LASST project receives $2.5 million from DOE to improve technology in power plants
A University of Maine research project focused on improving sensor technologies in coal-based power plants has received a $2.5 million grant from the National Energy Technology Laboratory (NETL) through the Department of Energy’s Office of Fossil Energy.
The UMaine project, “Technology Maturation of Wireless Harsh-Environment Sensors for Improved Condition-Based Monitoring,” led by Mauricio Pereira da Cunha, professor of electrical and computer engineering, and Robert Lad, professor of physics, is one of nine projects funded by NETL as part of the Advanced Combustion Systems (ACS) Program.
The goal of the program is to develop new advanced sensor instrumentation that can provide improved condition based maintenance in existing coal power plants, thus serving to reliably reduce the costs of operation and maintenance, increase efficiency and safety, and significantly reduce the pollutant emissions, according to the DOE.
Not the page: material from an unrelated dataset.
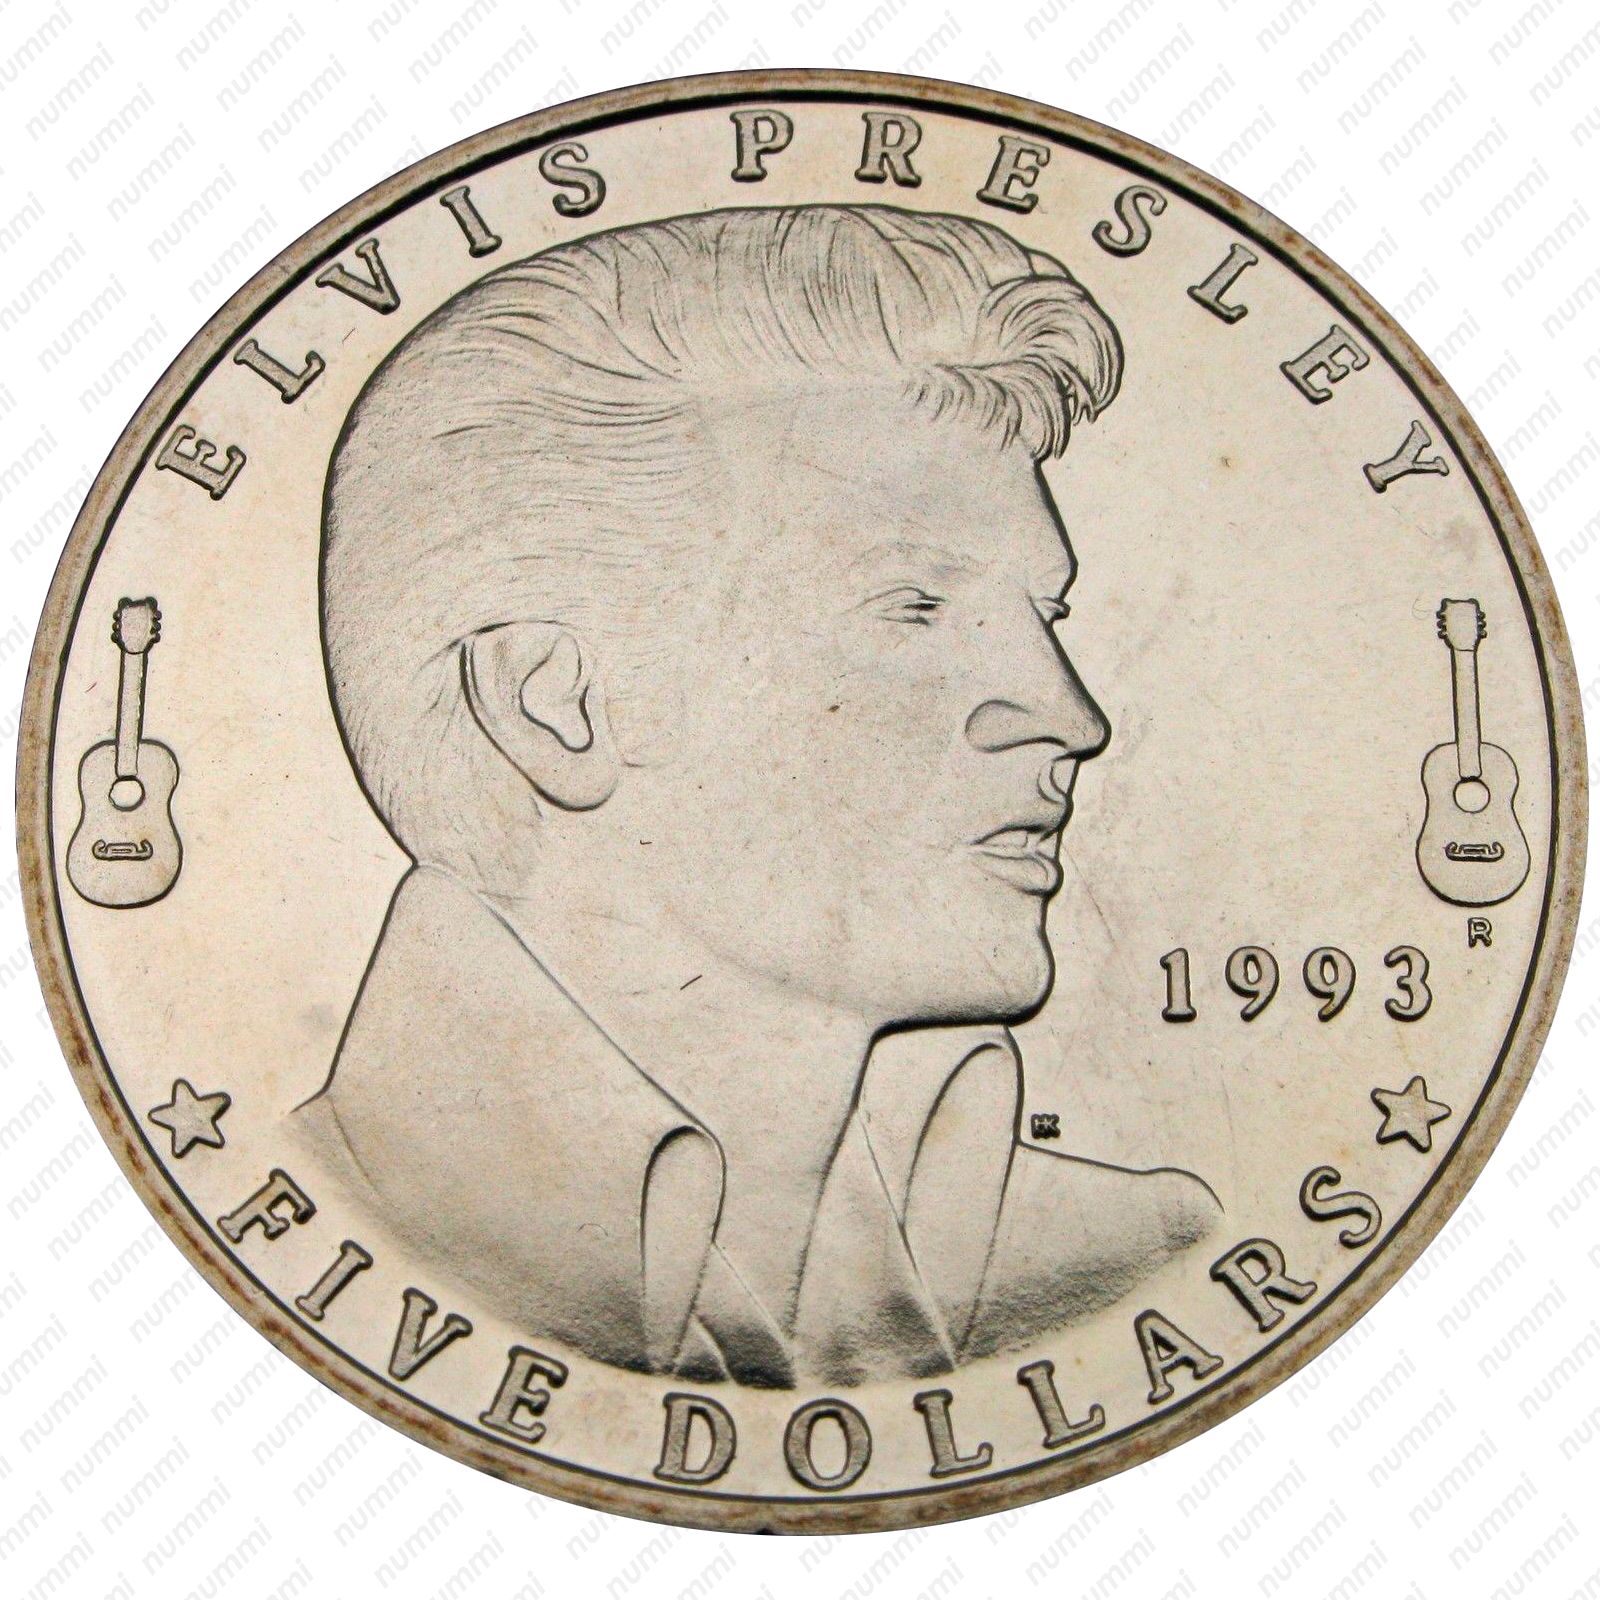 5 Долларов 1993. Марка 1993 года с Элвис. Quattro Dollar 1993. Купюра с Элвисом Пресли 1993.

UMaine’s research, led by faculty, staff and students in the Laboratory for Surface Science and Technology (LASST), is based on wireless, battery-free surface acoustic wave sensor devices that allow measurements of temperature, as well as stress and strain, on equipment operating under harsh environments at very high temperatures (near to 1000 C/1800 F).
The technology aims to monitor temperature and equipment degradation at both the fire-side and steam-side of boilers and other critical components. The work carried out under this DOE funding will focus on technology transfer and development of new materials and packaging for wireless harsh-environment sensors applications in coal-fired power plants.
“The selection of this project as one of only nine funded nationally under the given Department of Energy program is a clear endorsement of the innovative research led by Dr. Pereira da Cunha and Dr. Lad in developing cost-effective technologies to enhance operations of existing coal power plants,” said Kody Varahramyan, vice president for research and dean of the Graduate School.